— Collected data —
*** Begin section ***

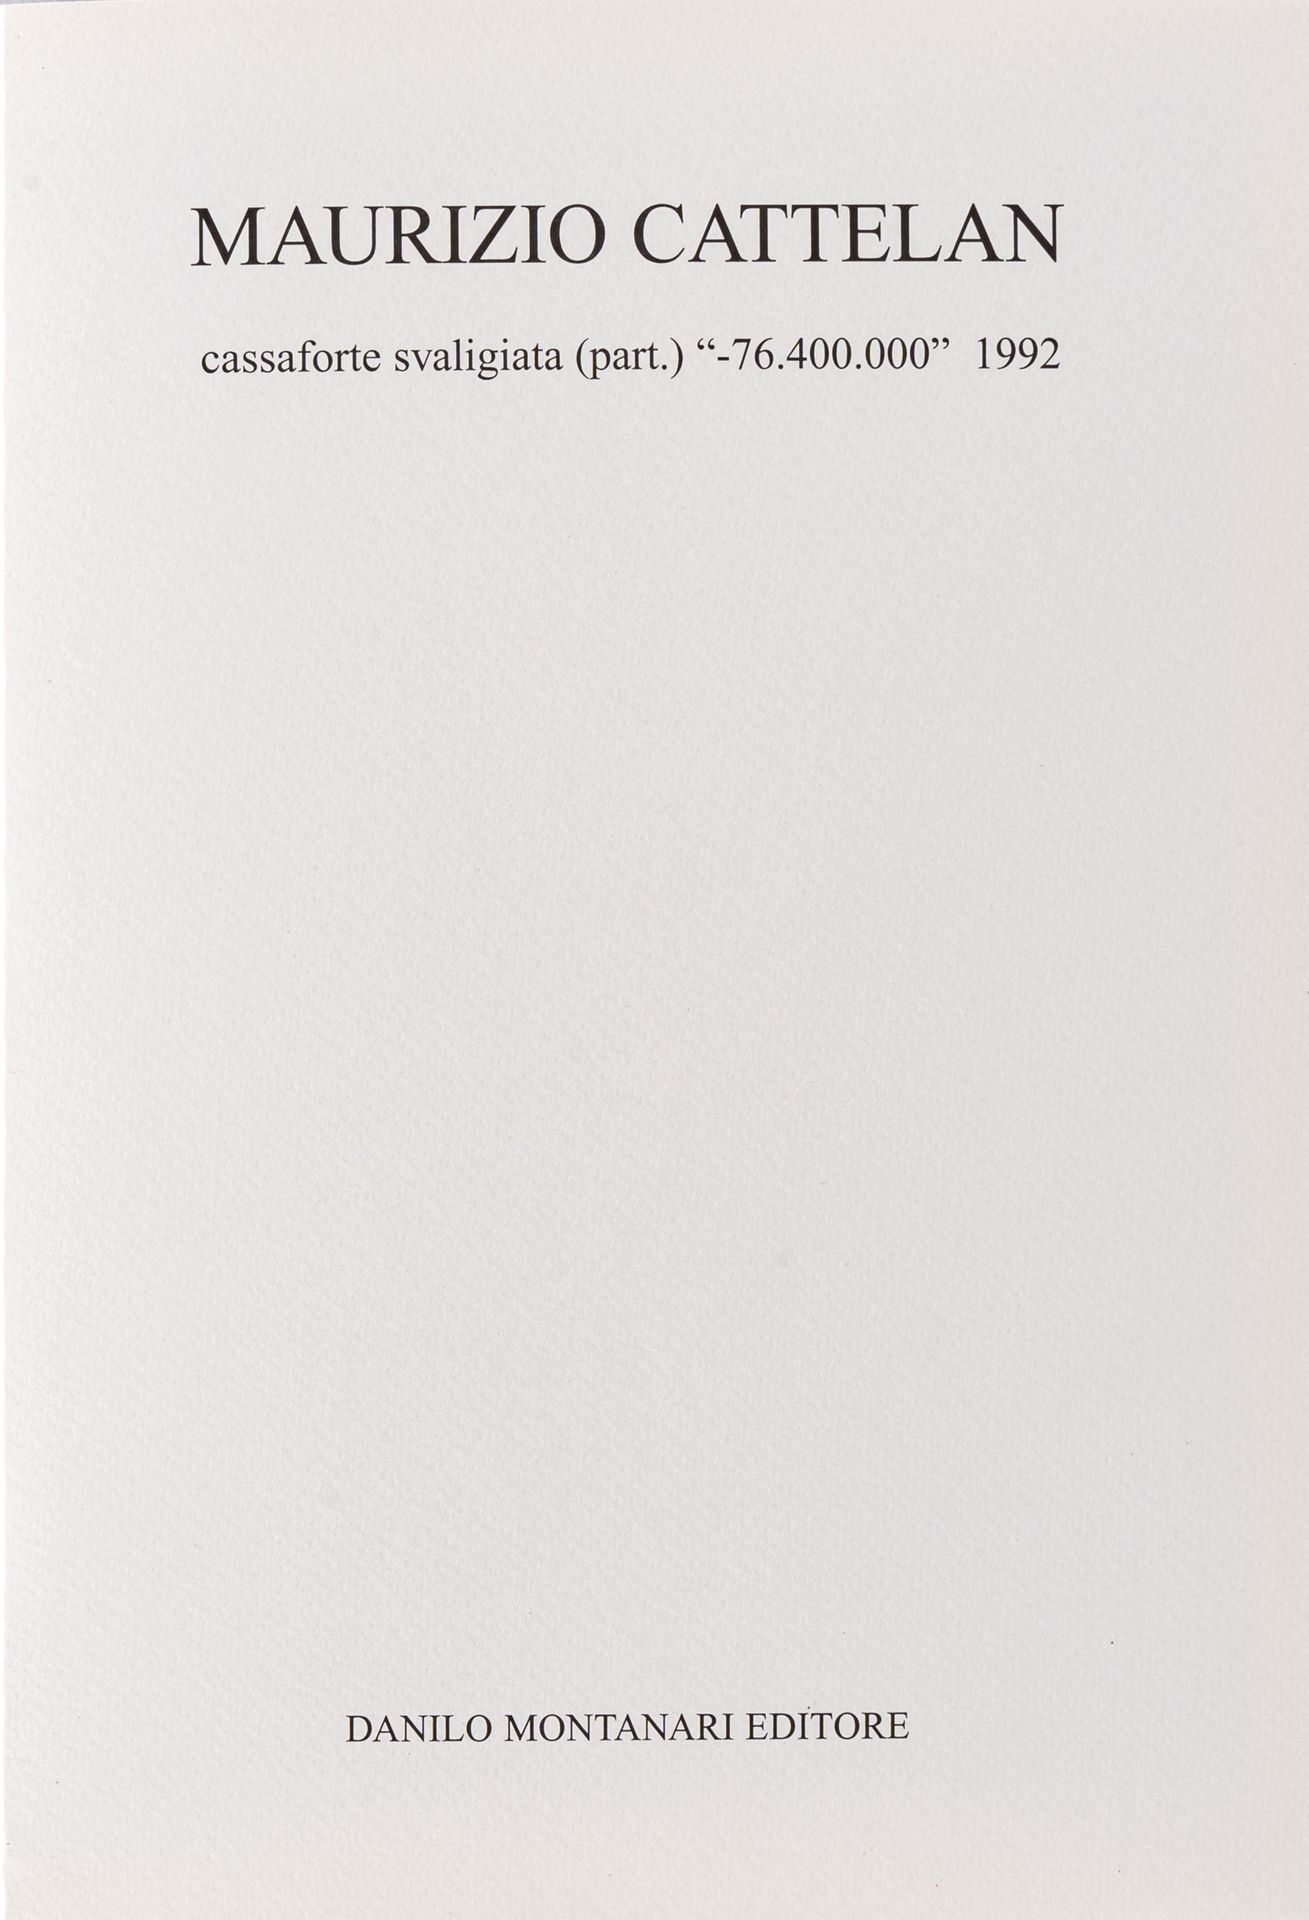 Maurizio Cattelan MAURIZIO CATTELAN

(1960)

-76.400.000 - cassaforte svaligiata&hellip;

*** End section ***

For the material above, repeat each line exactly and leave out the pictures.

— Solved exercise —
 Maurizio Cattelan MAURIZIO CATTELAN

(1960)

-76.400.000 - cassaforte svaligiata&hellip;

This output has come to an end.